О наших делах. Костаки, как ты знаешь, уезжает и увозит cвои работы (Jack узнавал). Я его не приглашал, т. к. это, видимо, бесполезно. Не знаю, помнишь ли ты, что на выставке Риммины [Герловиной] работы произвели на него сильное впечатление – тем не менее после нескольких попыток зазвать его к себе Римма и Валера так и не добились этого. А я в этом смысле способен на активность гораздо меньше. Мне всегда было трудно приглашать к себе, да я, собственно, этого и не делал никогда – показывал только тем, кто интересовался сам, да звал друзей. Была идея заинтересовать его тем, что это такое подобие нового движения, ещё никем, никак не отмеченного (имелось в виду участники выставки у Лёни [Сокова]). Но если он сам этого не заметил, если это его не привлекло, то тут могло бы подействовать только что-то или кто-то очень авторитетные для него. Теперь уже всё это, видимо, поздно.
Я понял, что ты имел в виду, говоря о литографиях. Но те, старые, мне делать просто уже скучно. Новых же существенных идей для этой техники у меня нет. Тем более что я едва успеваю осуществлять то, чем полна голова.
Сейчас продолжаю ту серию вывернутых панорам, начало которой ты видел. Сделал ещё проект для кино, тесно связанный с этой серией и, вообще, со всеми моими последними работами.
Проект я тебе пришлю, очень хочется и надеюсь осуществить его. Для этого нужно пустое помещение, как для выставки, – т. е. этот осуществлённый проект должен стать ещё одним экспонатом выставки, которая должна называться «Окна и панорамы». До сих пор не мог найти помещения (нужно не меньше 8-10 м2). Но вот что-то наклёвывается: завтра придут ребята из одного клуба (там, кстати, ведёт свой театр Алик Киселёв) смотреть работы на предмет выставки, уже можно будет поговорить конкретно. Тьфу, не сглазить бы. Эта выставка сейчас единственная перспектива для меня. Иначе просто неизвестно, что делать. Вот такие дела у меня. Я хотел бы подробнее написать тебе о том, как я представляю себе эту выставку – мне кажется, она могла бы прозвучать – у нас таких не делали, используя всё помещение и стены вокруг одного названия. Но не хочу сейчас растрачивать порох. Если будет, пришлю тебе полный отчёт, если не будет – пришлю полный проект.

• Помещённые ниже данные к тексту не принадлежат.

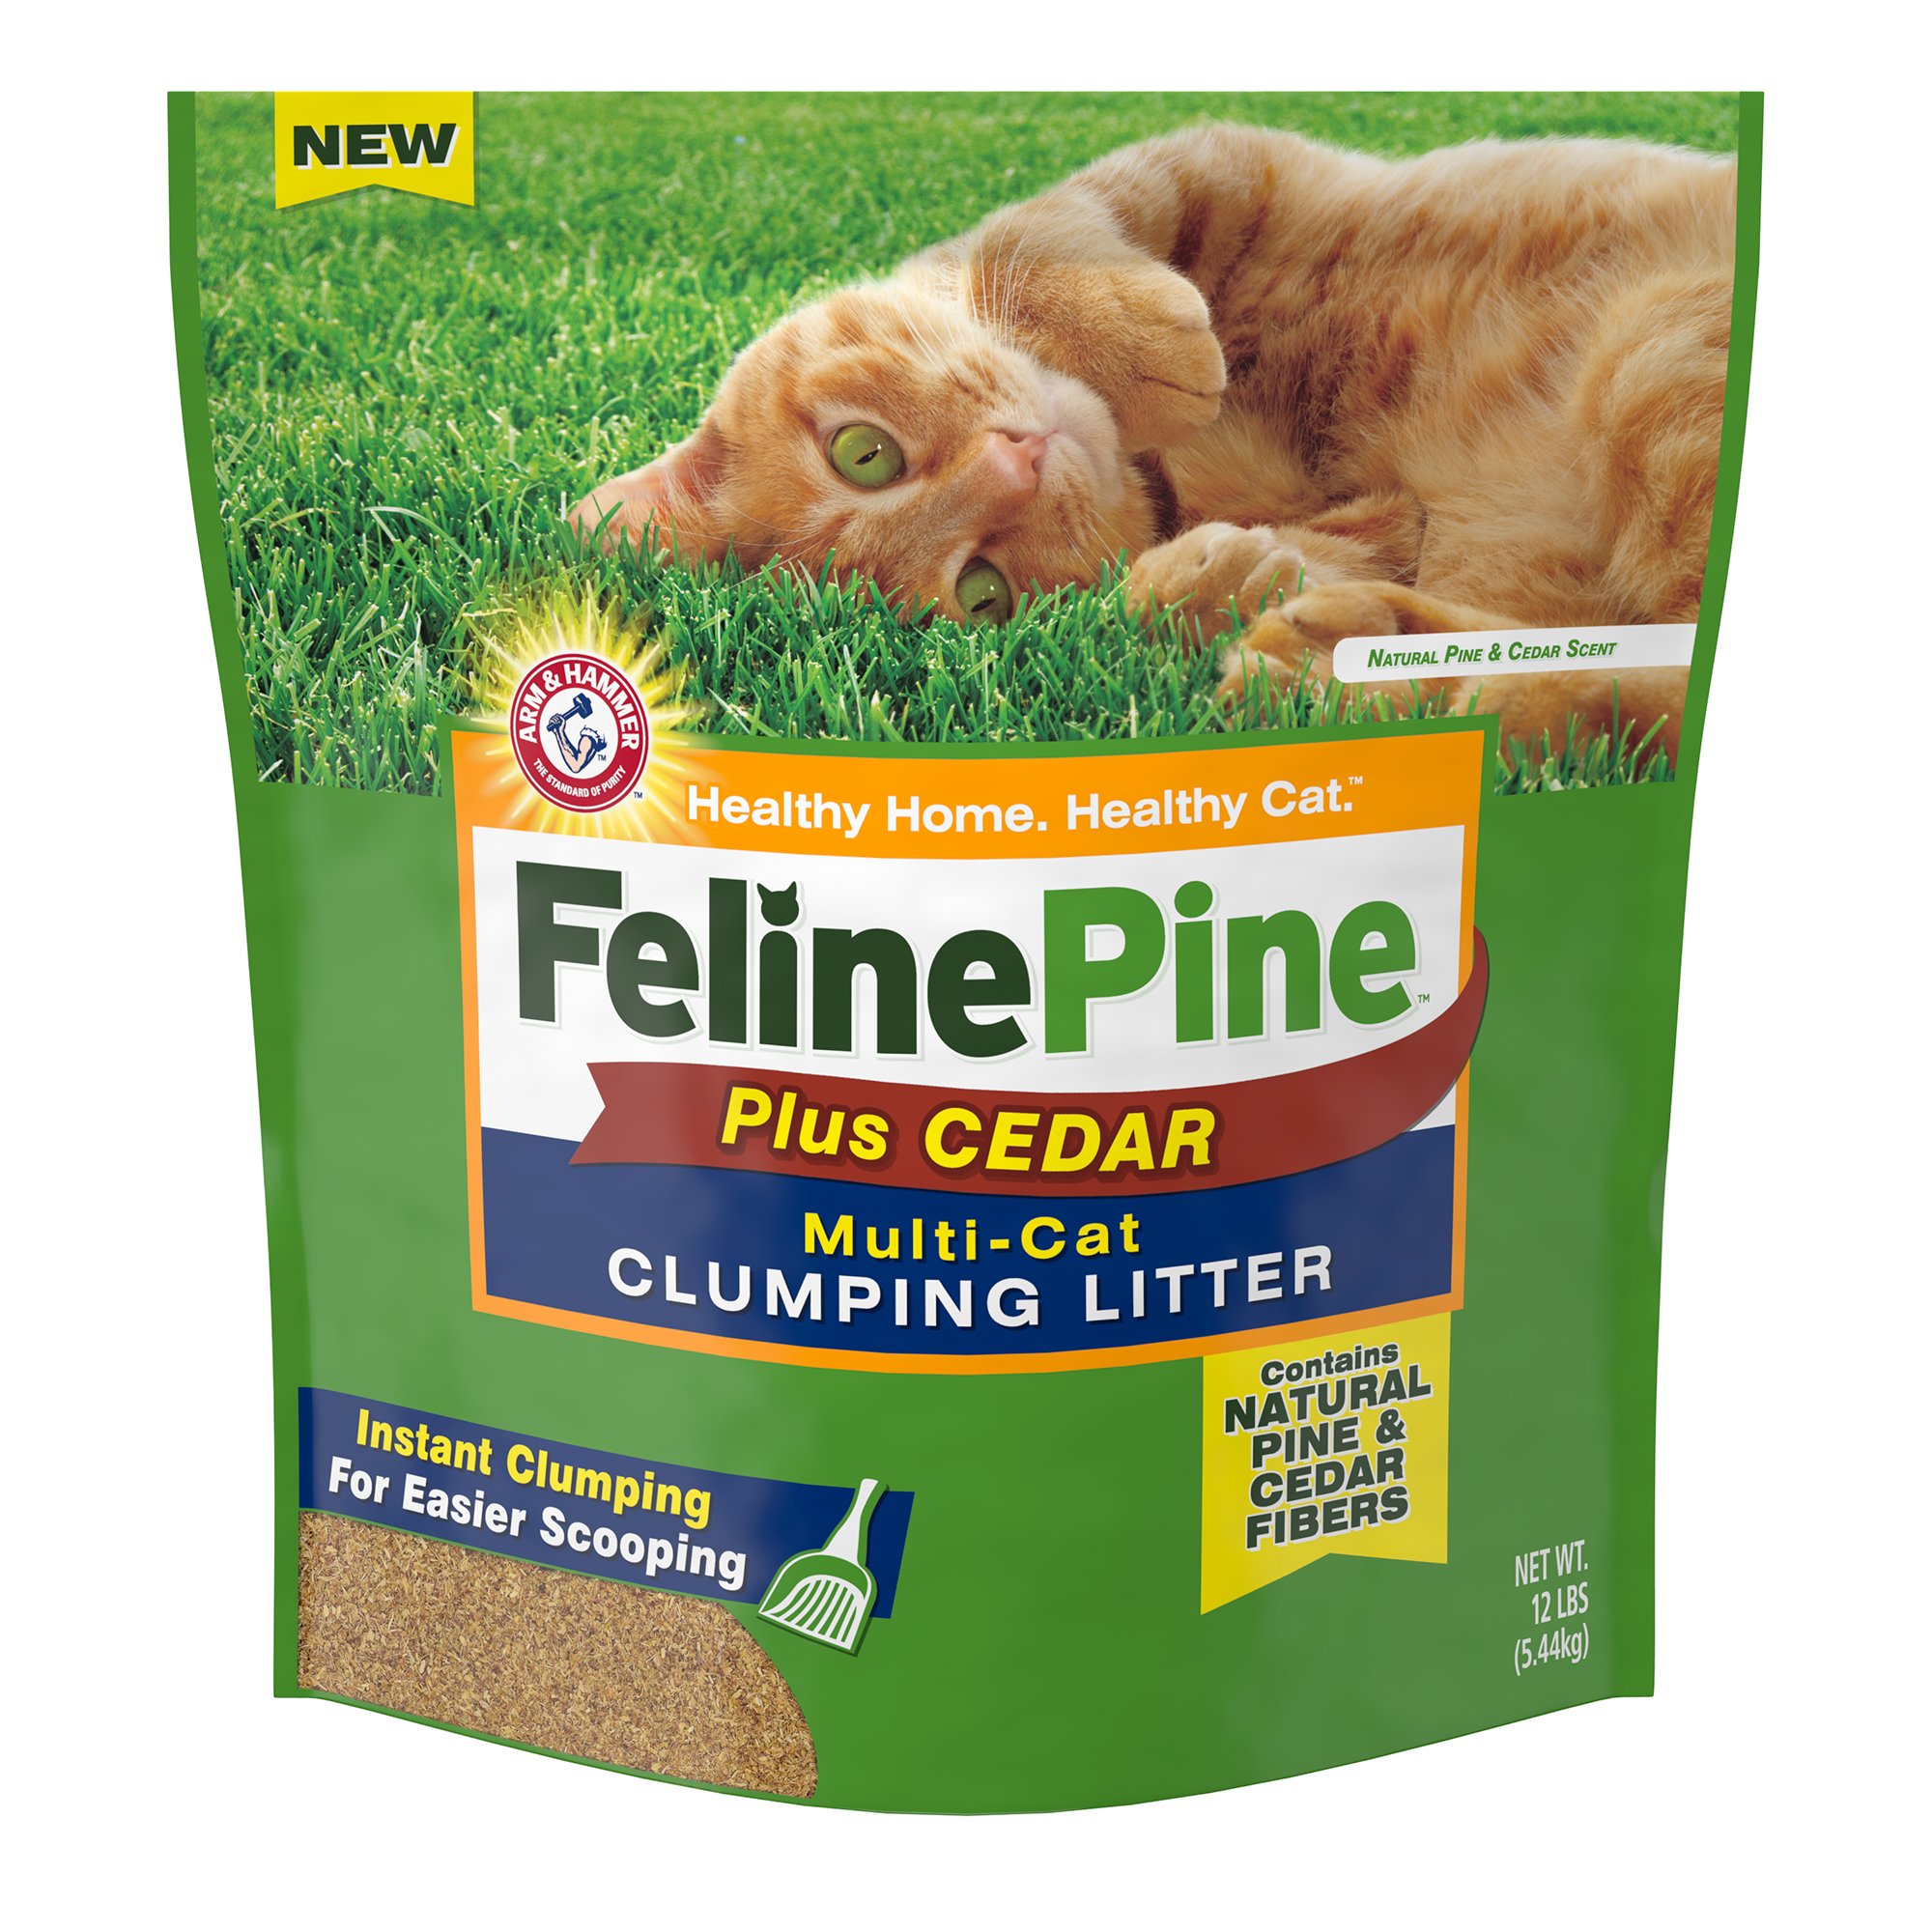 UPC 764375209412 Feline Pine Plus Cedar Natural Clumping Litter, 12

На днях просматривал у Риммы каталог выставки «Ящики», что ты прислал. А ведь и я мог бы там поучаствовать. Одну работу, во всяком случае, мог бы прислать в письме или на открытке – идея, осуществимая в натуре любым служащим или маляром и достаточно эффектная и интересная. Мог бы, если бы сам не сидел в запечатанном ящике, где и тебя не знают, и ты не знаешь, где что происходит.
Ну, вот, Игорёк, я написал тебе полный отчёт о себе. Не задаю тебе вопросов, так как о тебе интересно всё. Пиши. Прекрасно, что у тебя купили работу. Отсюда трудно судить о важности (я имею в виду не деньги), но, наверное, это серьёзно.
Пиши, Галя, Иван
Шелковский – Сидорову 10.11.77
Дорогой Алик, теперь дела более насущные. Из писем я успел написать лишь половину. На моей совести то, что я не написал ничего Алику Щ. [Щенникову] и Белле. (Кстати, от них ничего тоже нет.) Письмо к ним должно быть таким длинным, что я всё откладываю, никак не могу начать. Пока дай ему прочесть все эти и прочти их сам, перед тем как раздать. Мысленно я всё время с ними разговариваю.

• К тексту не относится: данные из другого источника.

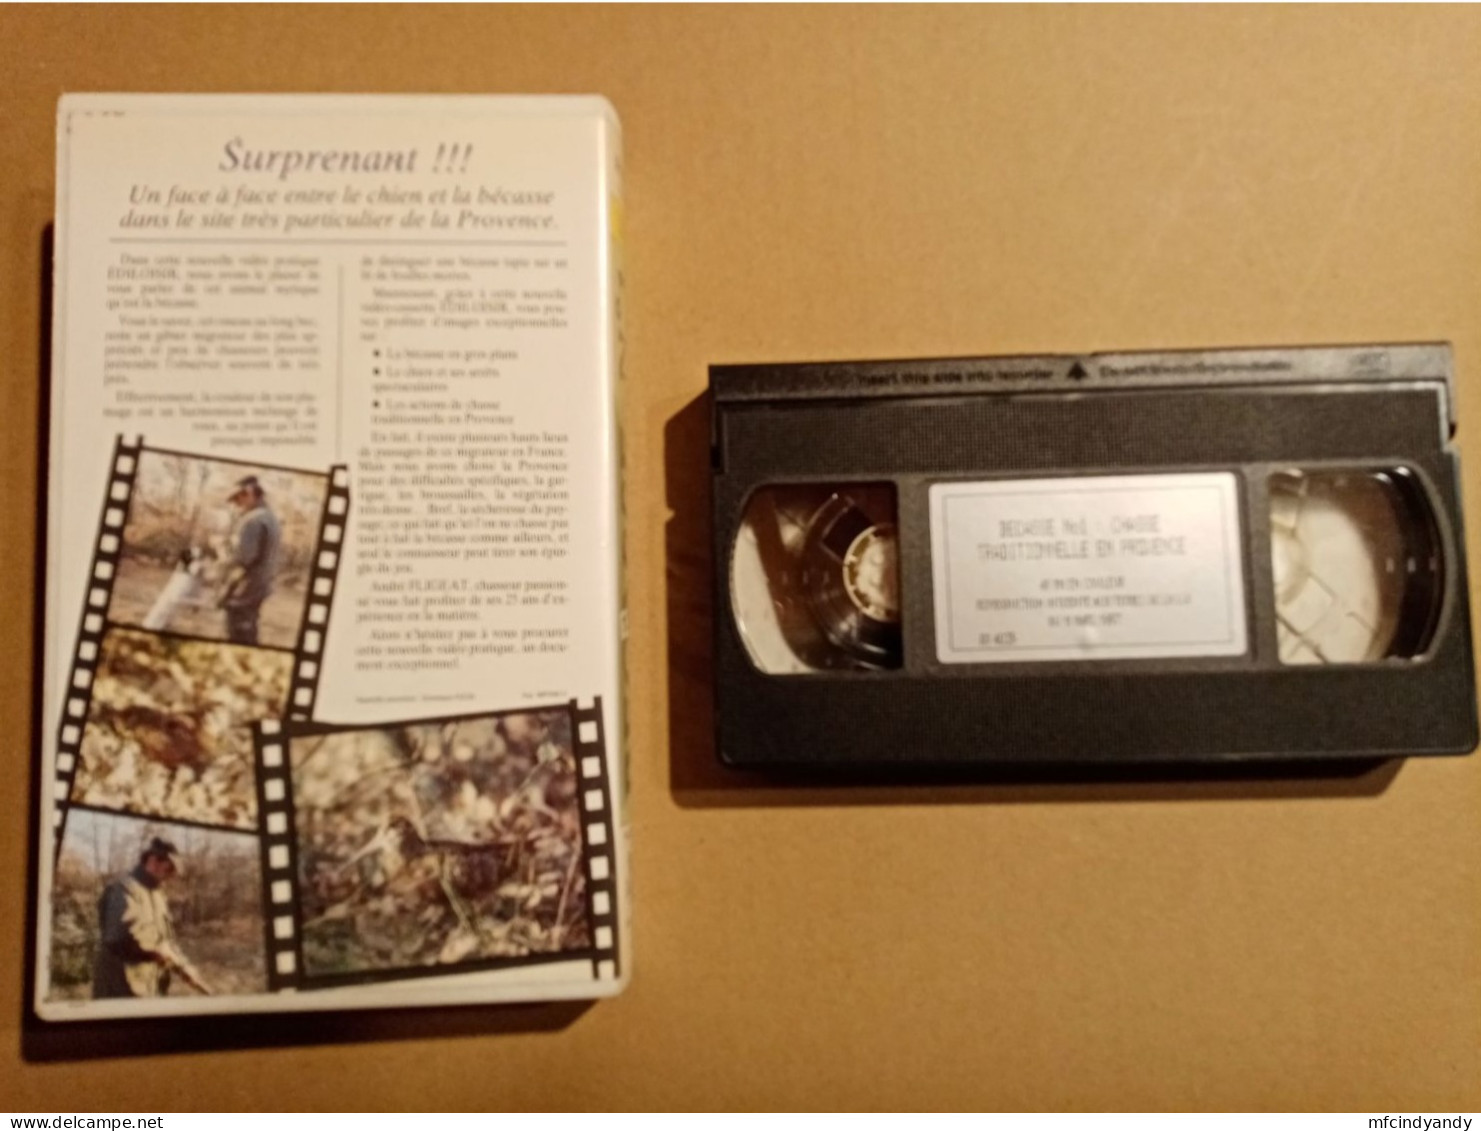 Cassette Vidéo VHS  Bécasse N°1  Chasse Traditionnelle En Provence - Documentales

Скажи Григорию [Громову], что если он хочет, то, наверное, можно будет сделать ему небольшую выставку в Париже, я думаю, что это вполне реально. Для этого мне нужно было бы иметь минимум хотя бы 20 работ. Таких, как та, что у меня сейчас здесь. При некоторых условиях переслать было бы нетрудно.
Вчера был в одном интеллигентном доме под Парижем и весь вечер слушал Петю Ст. [Старчика]. Расстоянием проверяется очень многое. Должен сказать, что здесь его песни звучат ещё лучше, чем в Москве; единственный недостаток – качество записи. (Работы Григория тоже выдерживают проверку.) Если будут хорошие записи, то можно будет устроить отдельную пластинку или включить в общую. Сейчас здесь выходит по подписке многочастная серия всех московских и ленинградских певцов, правда это не пластинки, а магнитофонные кассеты.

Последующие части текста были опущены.